II. Pauvreté de la crèche
Pourquoi Jésus-Christ prend il la pauvreté?
1° Pour montrer qu’il ne s’appuie pas sur les moyens humains.
2° Pour mieux faire ressortir la puissance divine, dont il se servira.
3° Pour nous prémunir contre l’amour des richesses qui sont l’appât de Satan.
4° Pour nous conserver la liberté du coeur envers les richesses, quand on ne les a pas.
5° Pour nous enseigner la générosité, quand on les a.
Texte sténographié de la Conférence
Mes Soeurs,
Nous parlerons encore aujourd’hui de Notre-Seigneur, et, en considérant le mystère de la Nativité, nous tâcherons de nous rendre compte pourquoi il a voulu naître dans une étable pour y prendre notre nature. Tous les sermons de Noël traitent cette matière, et vous l’avez souvent méditée, mais j’espère pouvoir y glaner encore quelques réflexions tout particulièrement applicables aux religieuses.

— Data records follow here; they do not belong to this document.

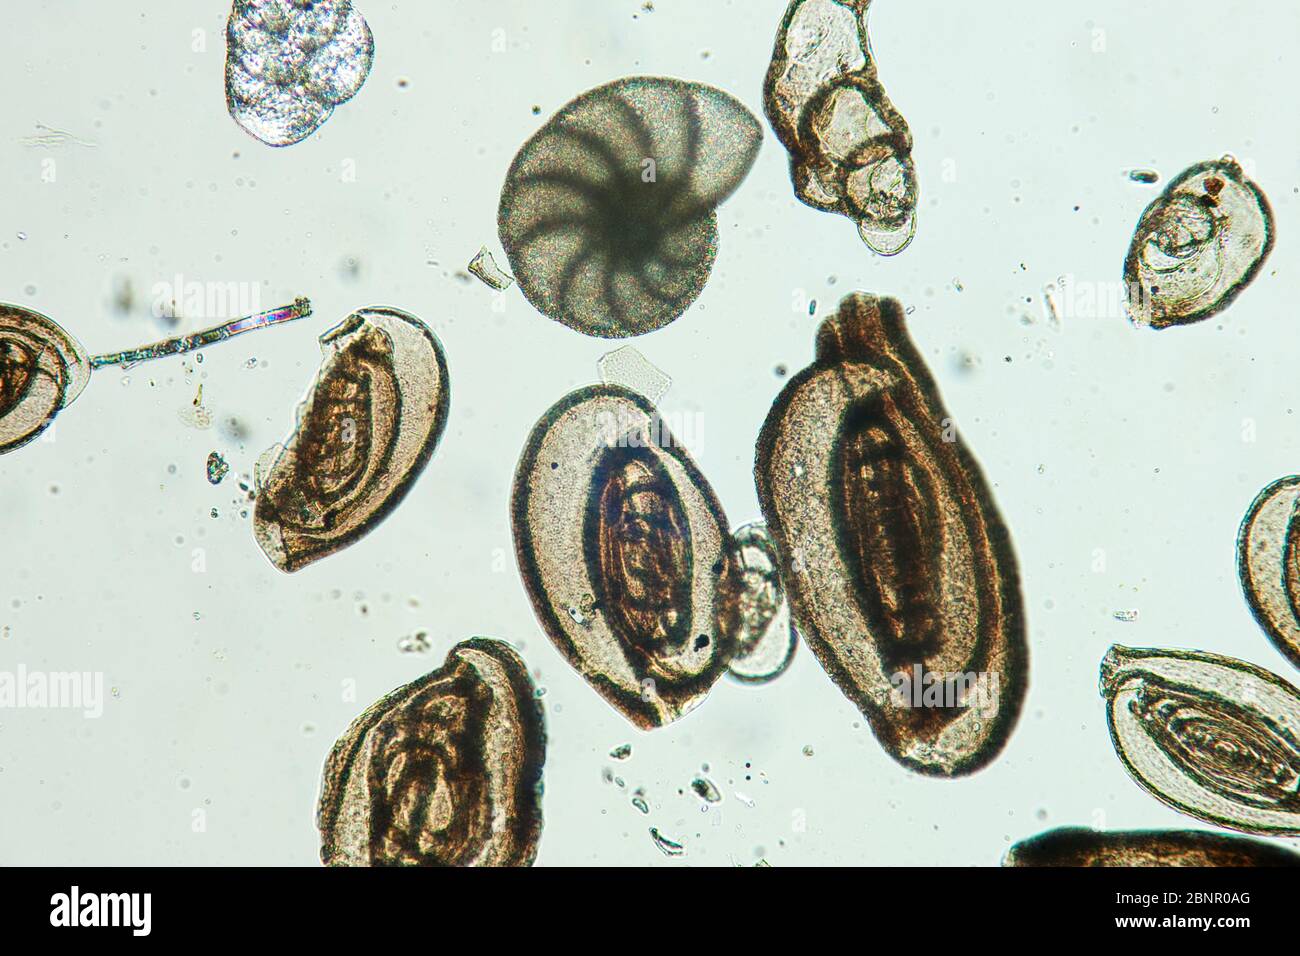 Foraminíferos protistas ameboides del Mar Adriático, fotomicrografía en luz polarizada simple Foto de stock
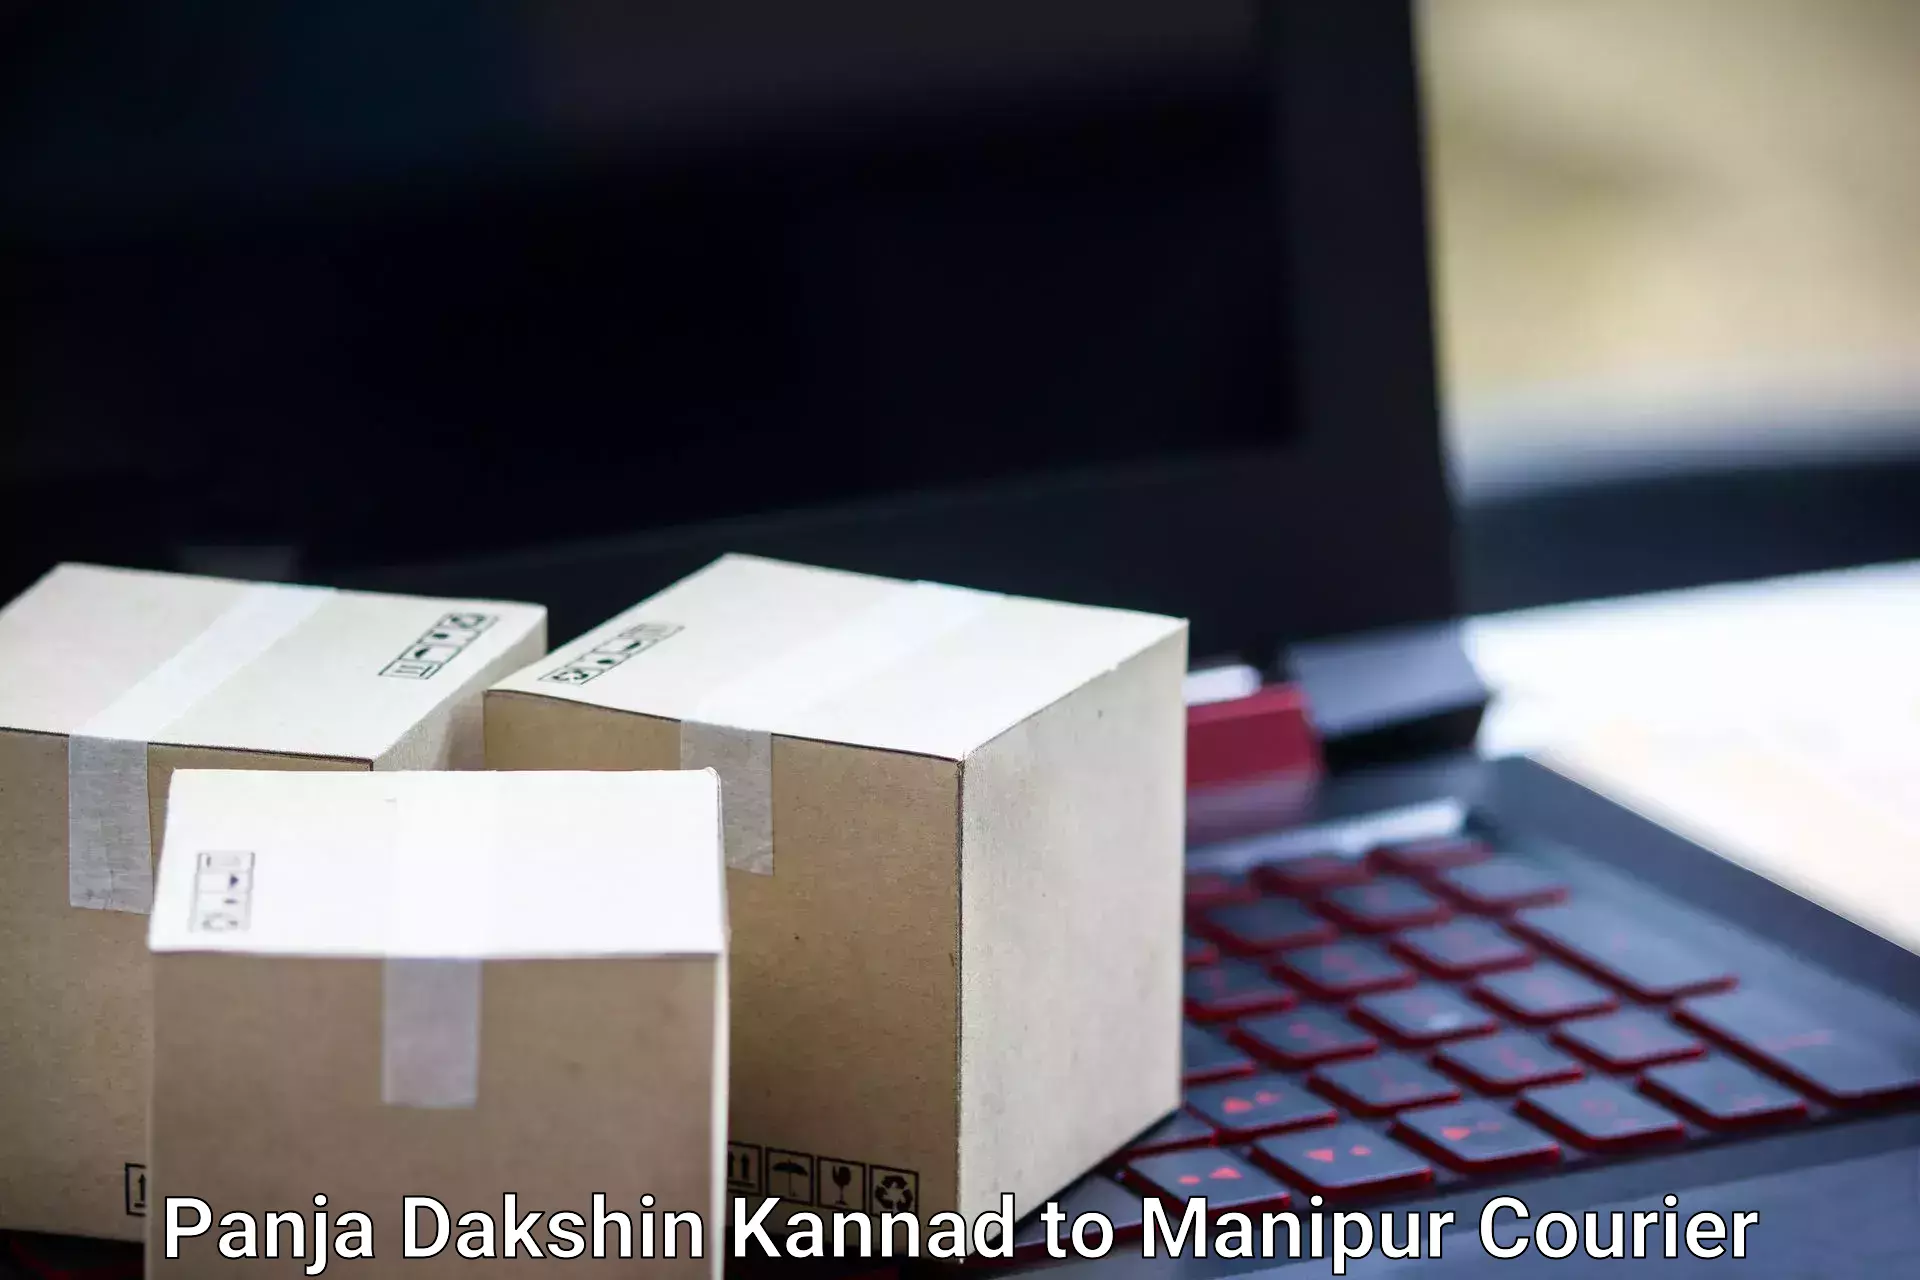 Premium luggage courier Panja Dakshin Kannad to Manipur
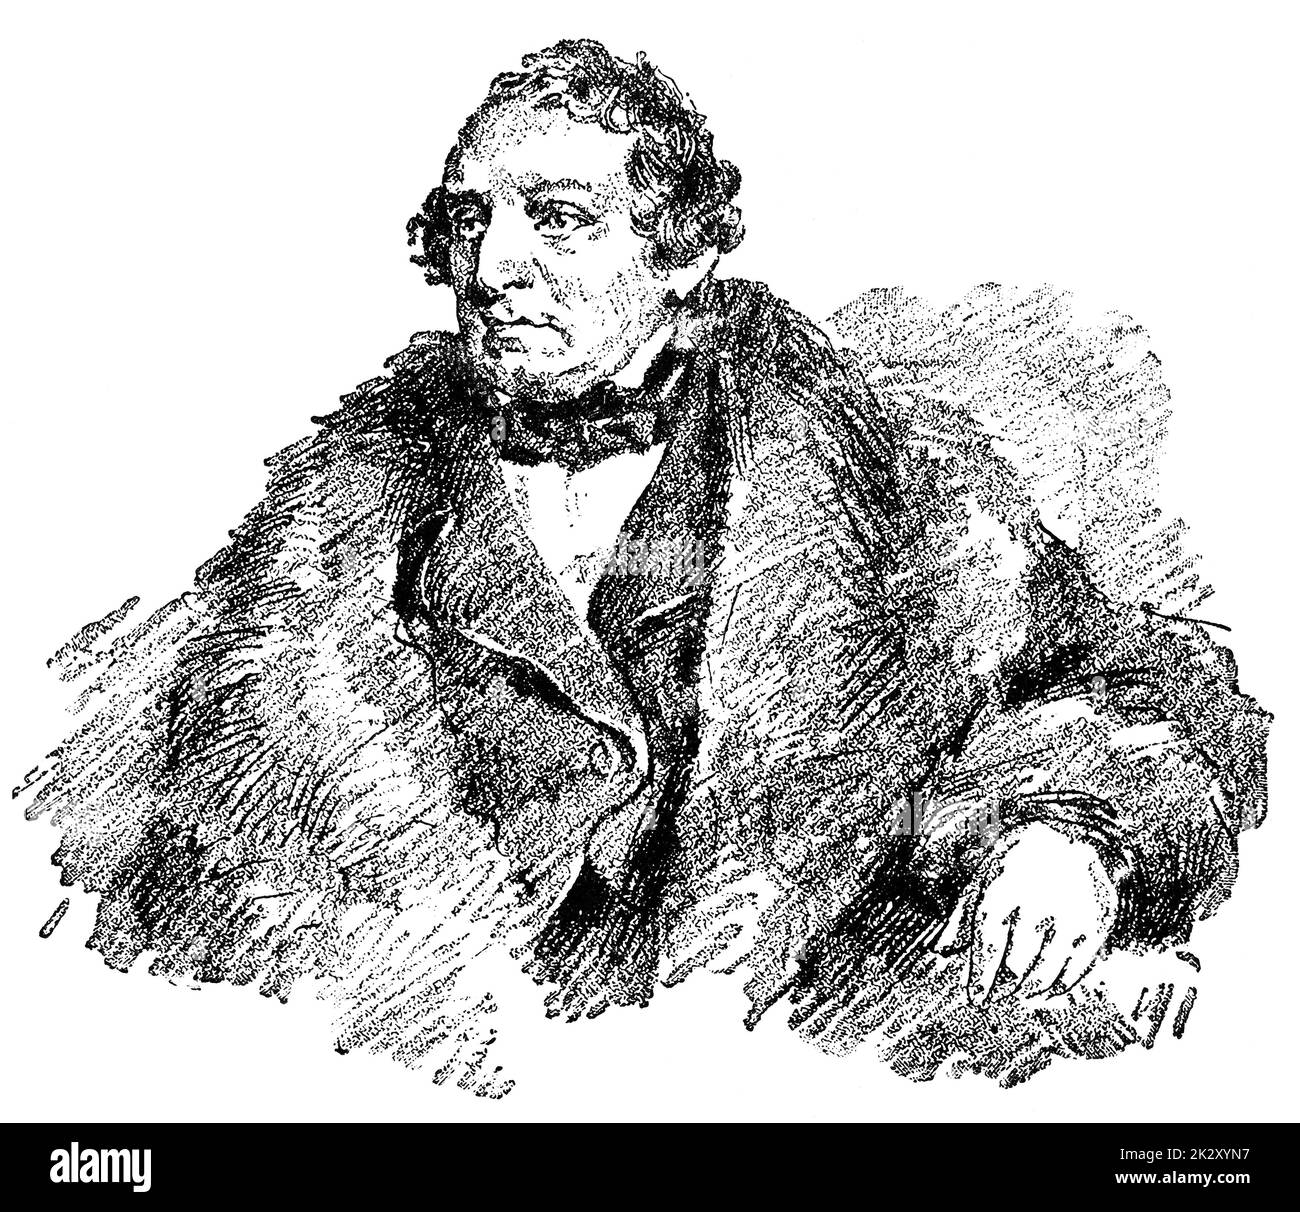 Porträt von Karl Anschutz - ein in Deutschland geborener Musikdirektor und Komponist, der die Deutsche Oper in New York City gründete. Illustration des 19. Jahrhunderts. Weißer Hintergrund. Stockfoto
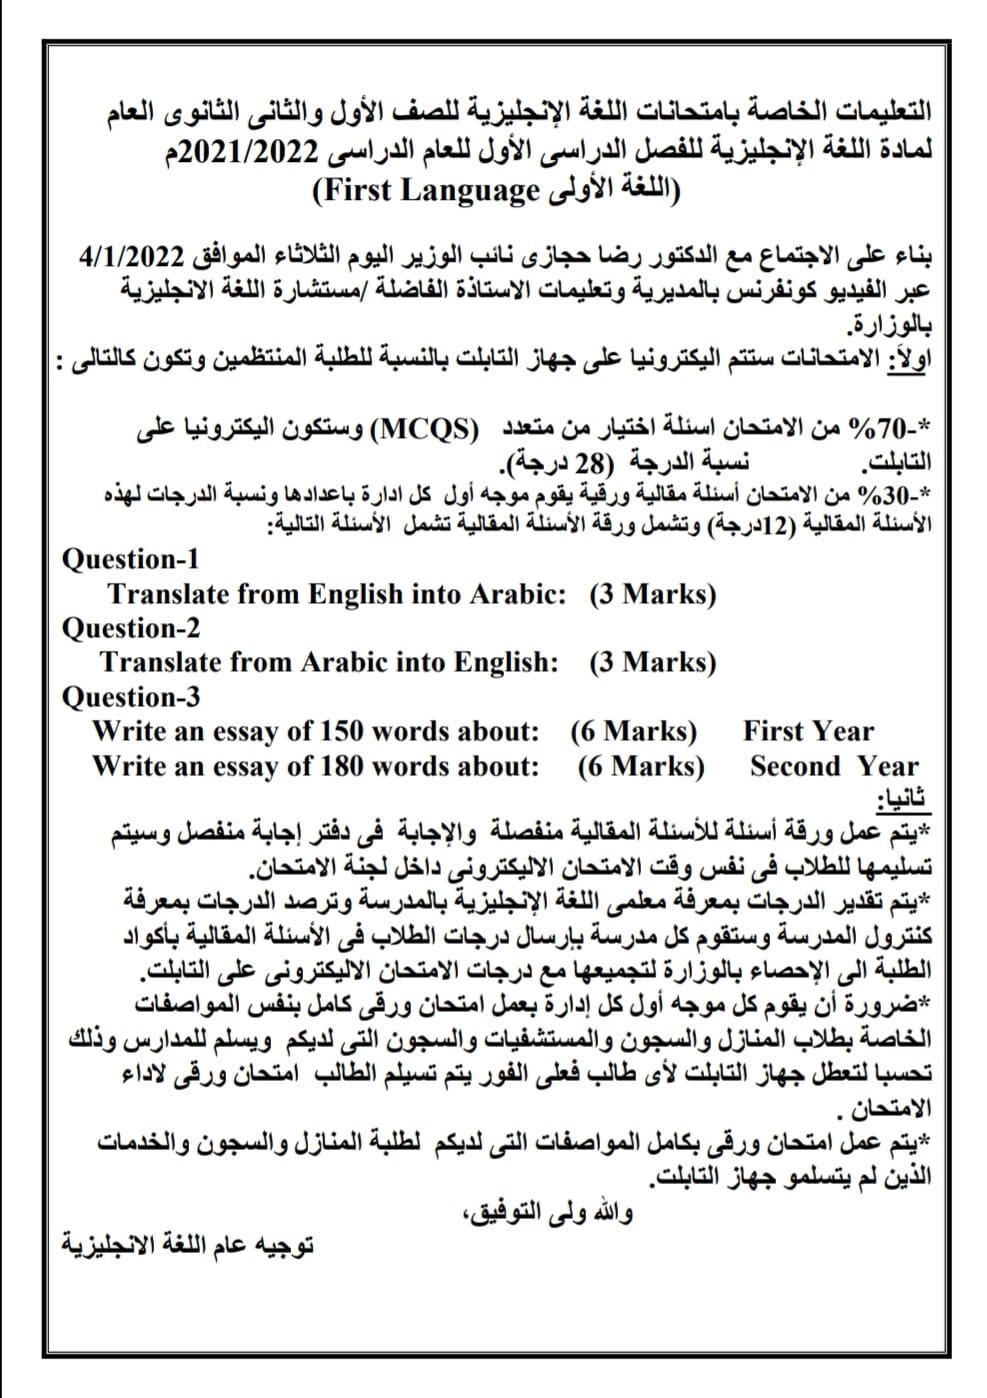 مواصفات الامتحان الورقي والالكتروني لمادة اللغه الانجليزيه وتوزيع الدرجات لـ 1 و 2 ثانوي 746
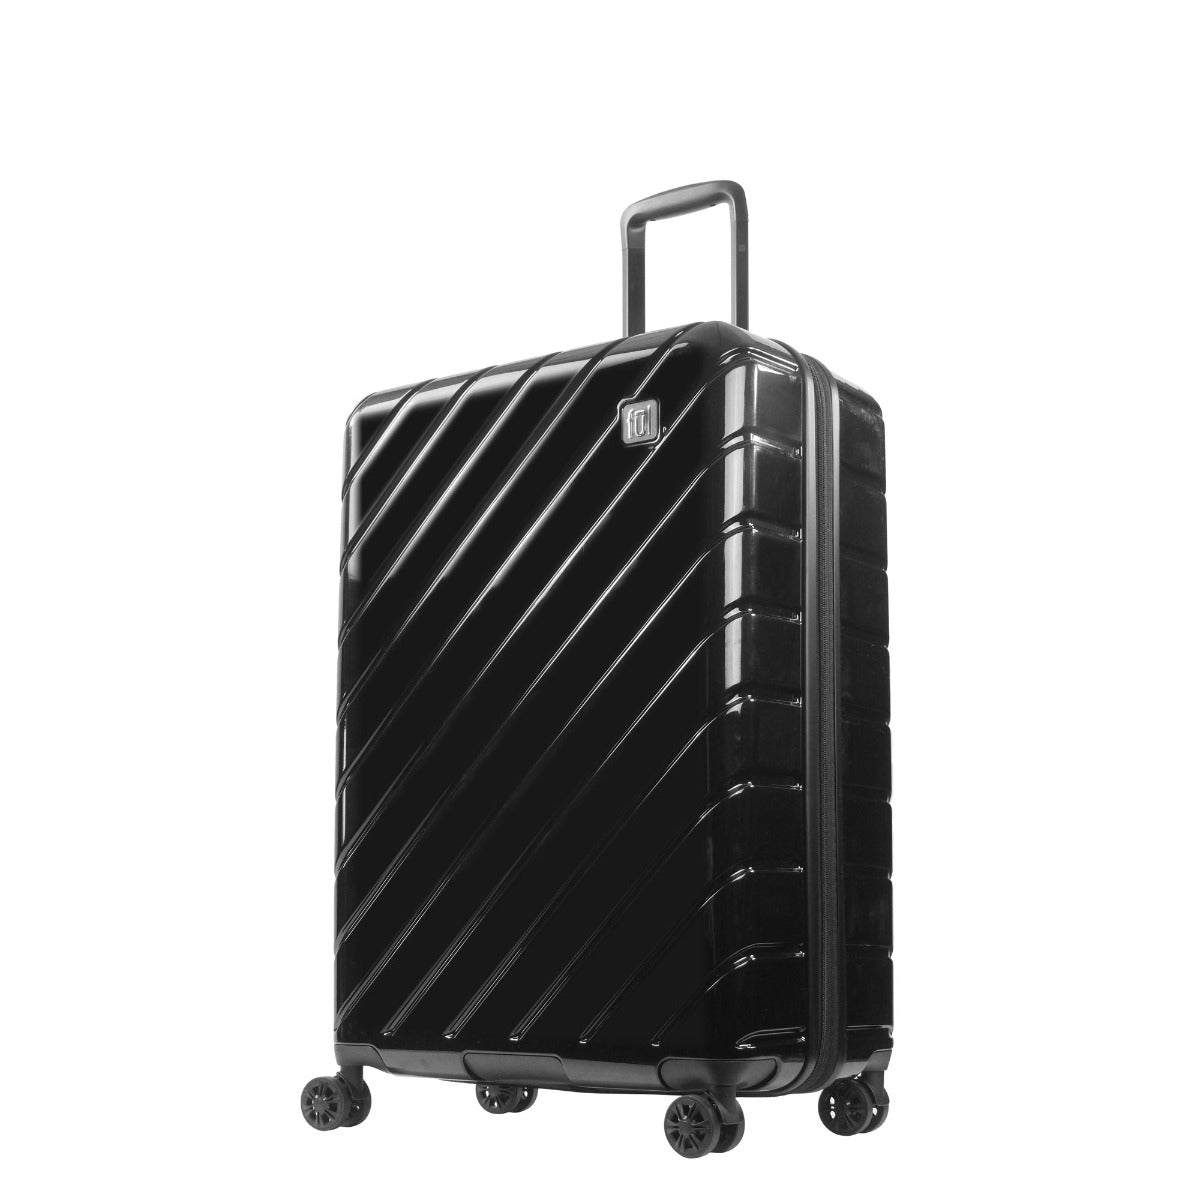 Ful Velocity 31" Expandable Hardside Spinner Luggage, Black

I. Humilité prêchée à la religieuse
A) Manière dont Notre-Seigneur la prêche.
Notre-Seigneur a voulu établir le principe de l’humilité et de la pauvreté. C’est évident. Le texte de saint Paul nous le dit suffisamment: Exinanivit semetipsum. (Phil. II, 7.) Le voilà entré dans les dernières profondeurs de l’abaissement et du dépouillement. Il y a là, mes Soeurs, un modèle pour nous. Beaucoup de gens admirent, beaucoup de gens vont à Bethléem, ils font des crèches sur, à côté, en dessous de l’autel. Mais quels sont ceux qui entrent dans la pratique réelle? Quels sont les chrétiens qui vont au devant des rebuts comme à plaisir ainsi que Notre-Seigneur y va, porté dans les bras de sa Mère, de Bethléem à Nazareth et ailleurs?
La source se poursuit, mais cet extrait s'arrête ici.